Дети перешептывались и с тоской смотрели в телевизор. И Галя, и Алена, и Катя так мечтали о большом празднике в своем голодном, насквозь продуваемом доме.
       - Девчонки, бывает и так, не грустите,- сказала я и попыталась их развеселить.- Давайте во что-нибудь поиграем?
       - В «города», в «города»! Нет, в прятки…
       Мы поиграли в «города» и, когда дело дошло до пряток, входная дверь внезапно громко хлопнула, было слышно, как сорвался и упал крючок, и к нам в комнату почти влетел поэт Курчатый. За Курчатым протиснулись две дамы - одна полная, породистая, в шикарном пальто с чернобуркой, другая – худенькая, в коротком полушубочке и в брючках. И последним вошел голубоглазый мужчина среднего возраста, почти двухметрового роста, в куртке и джинсах, большая лохматая шапка на голове еще больше увеличивала его рост.
       - С наступающим вас! -  сказал басом Курчатый. – Знакомьтесь, это – Лена.
       Дама в чернобурке подошла к Свете, сидящей у стола, и, сняв дорогие перчатки, протянула свою холеную ручку.
       - А это... Это – Джонни.
       Джонни радостно улыбнулся всем, подошел к столу и начал высыпать на него огромное количество маленьких «сникерсов», мандарины, большой кусок сыра, палку колбасы и паштеты. Курчатый вытащил из своего пакета две бутылки шампанского, апельсины, яблоки и двухлитровую бутылку лимонада «Тархун».
       Дети сидели не дыша.
       Гости сняли пальто, шубы и шапки. Предпраздничная суета помогла нам поближе познакомиться и с Джонни, и с Леной, и с Дашей. Курчатого мы знали так давно, что никогда не удивлялись его внезапному приходу. Из разговора с Дашей я выяснила, что Джонни – королевский садовник из Голландии. Ему так захотелось русской экзотики.
       - Чего-чего, а экзотики у нас – хоть отбавляй, - сказала Света, нарезая сыр.
       А Джонни все продолжал освобождать пакеты, восторженно приговаривая: «Русска жизэн, толка держис, и-ес?»
       Лена куда-то исчезла, и когда я пошла за посудой, обнаружила ее на кухне. Она сидела у края стола и очень медленно красила ногти ярко-фиолетовым лаком.
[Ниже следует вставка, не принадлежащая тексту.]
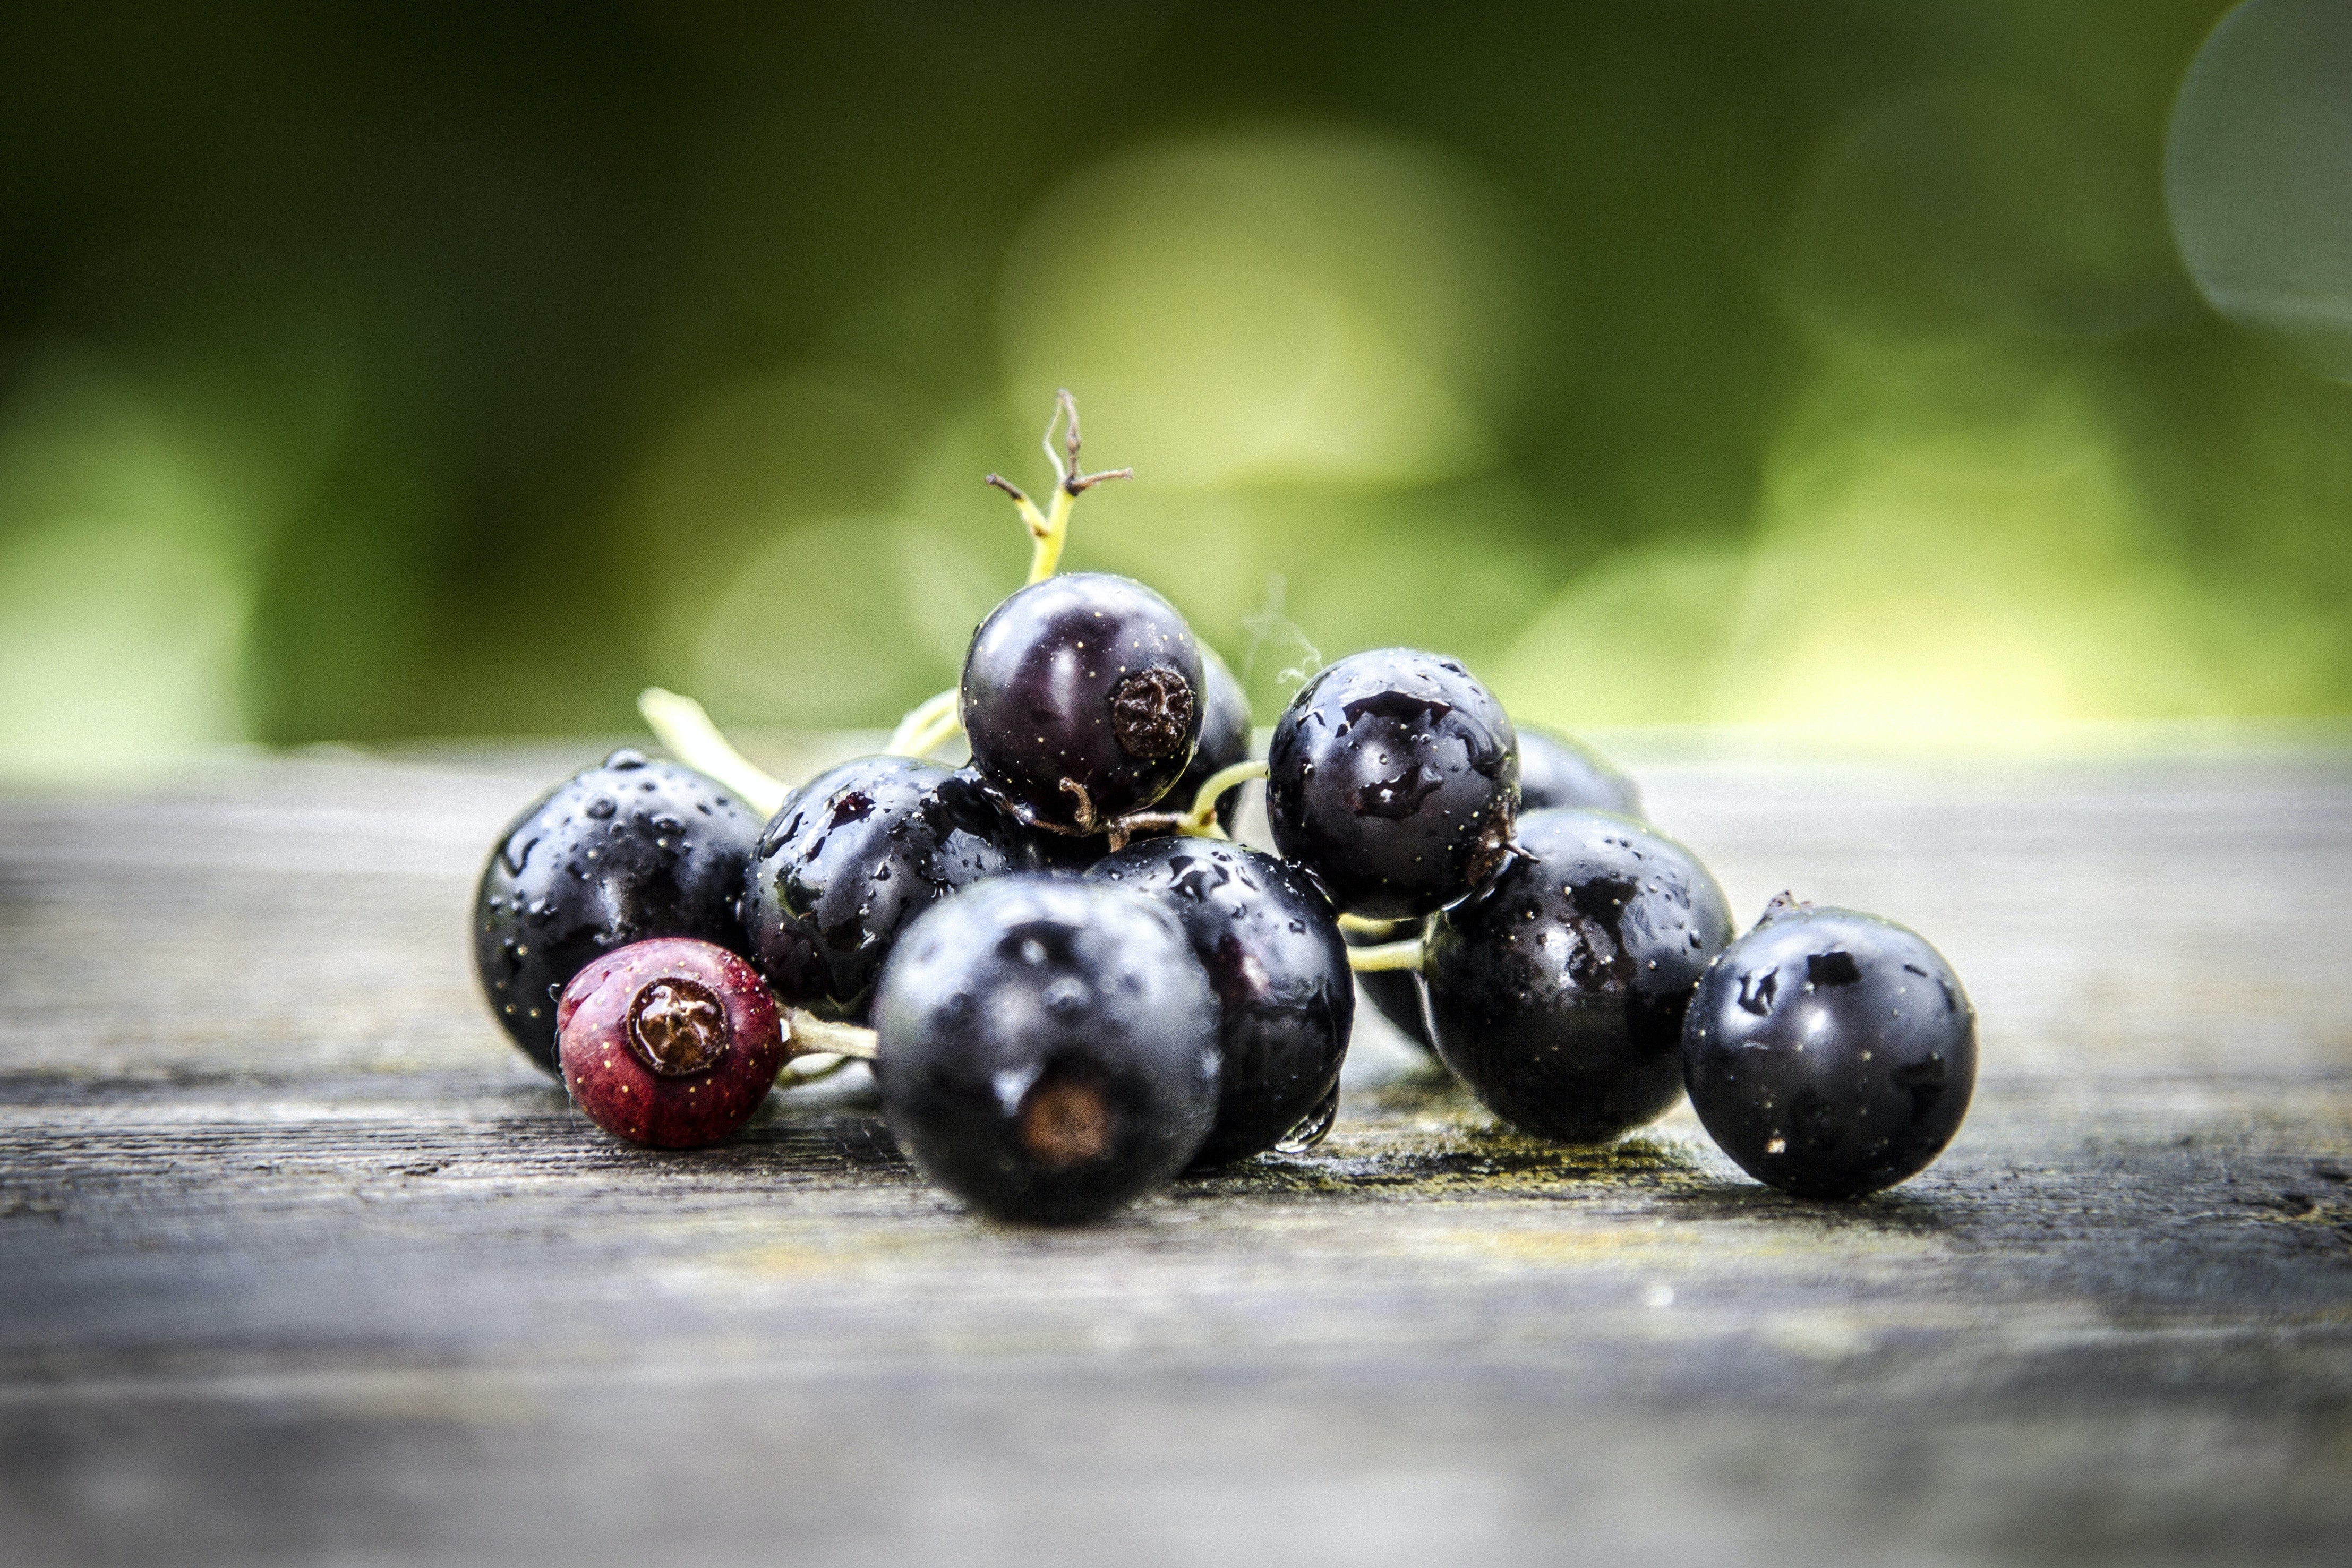 Black Currant: the Crazy History Behind Our Bestselling Seltzer Flavor

Это было так красиво, как будто тигрица медленно вылизывала свою шкуру.
       - Лена, нам сказали колбасу нарезать, - робко начала я.
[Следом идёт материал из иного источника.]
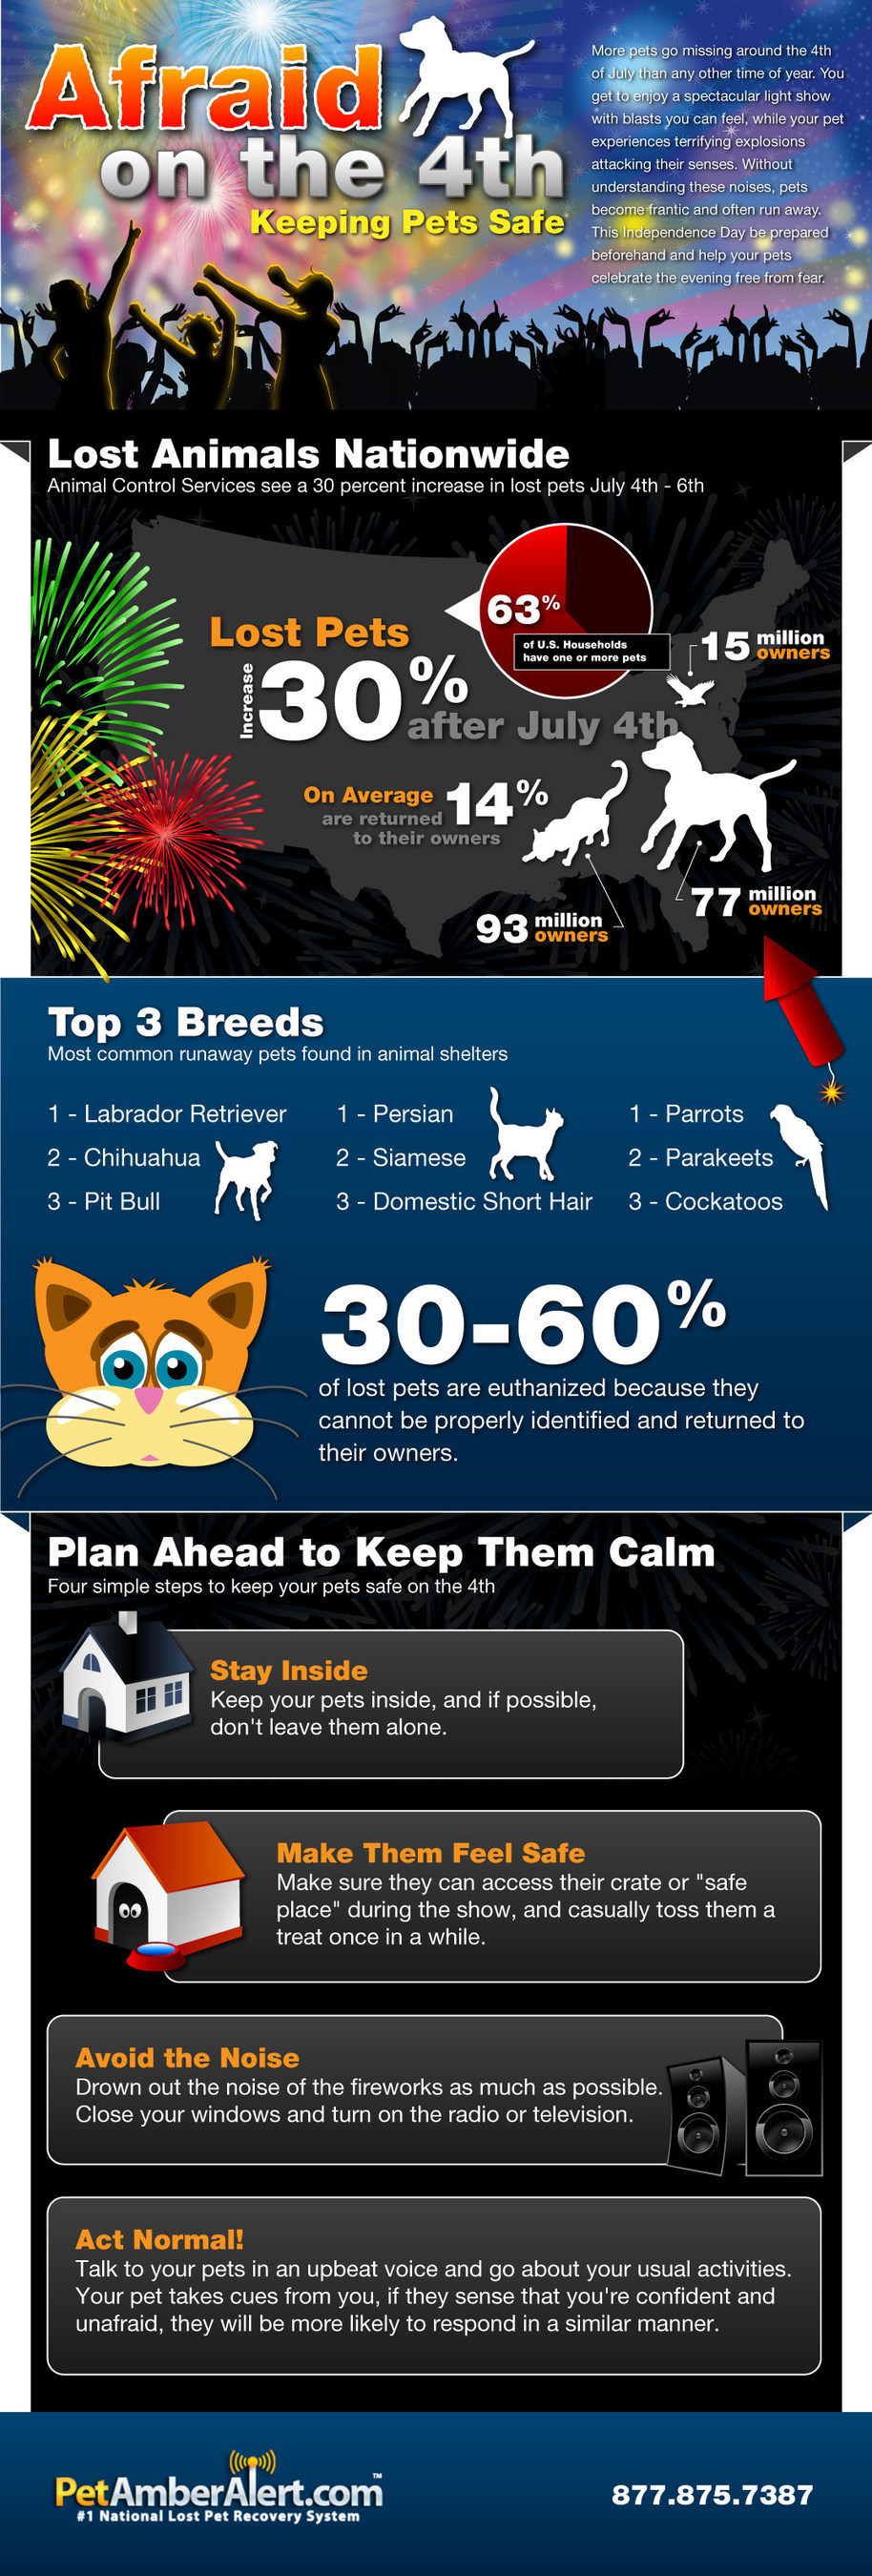 More Pets Lost on July 4th than any other time of the year

       - Н-неси, - она даже не подняла головы, продолжая красить свои коготки.
       Когда я принесла большой батон колбасы «Столичная», Лена смело поставила его вертикально на стол и плавными движениями начала медленно снимать с него шкуру.
       «Предновогодняя мистерия», - с ужасом подумала я и убежала обратно.
       Наших котов, Серго и Килелика, пришлось временно закрыть в кладовке, но они и оттуда продолжали орать так, что Света не выдержала и прибавила громкость телевизора. Наконец, мы все сели за стол. Я незаметно следила за детьми. Они сидели строгие и счастливые, держа ручки на коленках. «Молодцы, наша закалка».
       Стрелки часов приближались к 23:30. Джонни сидел, как Гулливер, на нашем маленьком диванчике, со странно меняющейся улыбкой на обветренном лице. И его короткий «ежик», и крупные скандинавские черты лица, и огромные руки как то не сочетались с модными дорогими джинсами, с этим пушистым свитером. Ему бы больше подошли ватник, стеганые теплые брюки и кирзачи. Он тепло смотрел на детей, и дети, осмелев, начали задавать ему через Дашу свои бесконечные вопросы.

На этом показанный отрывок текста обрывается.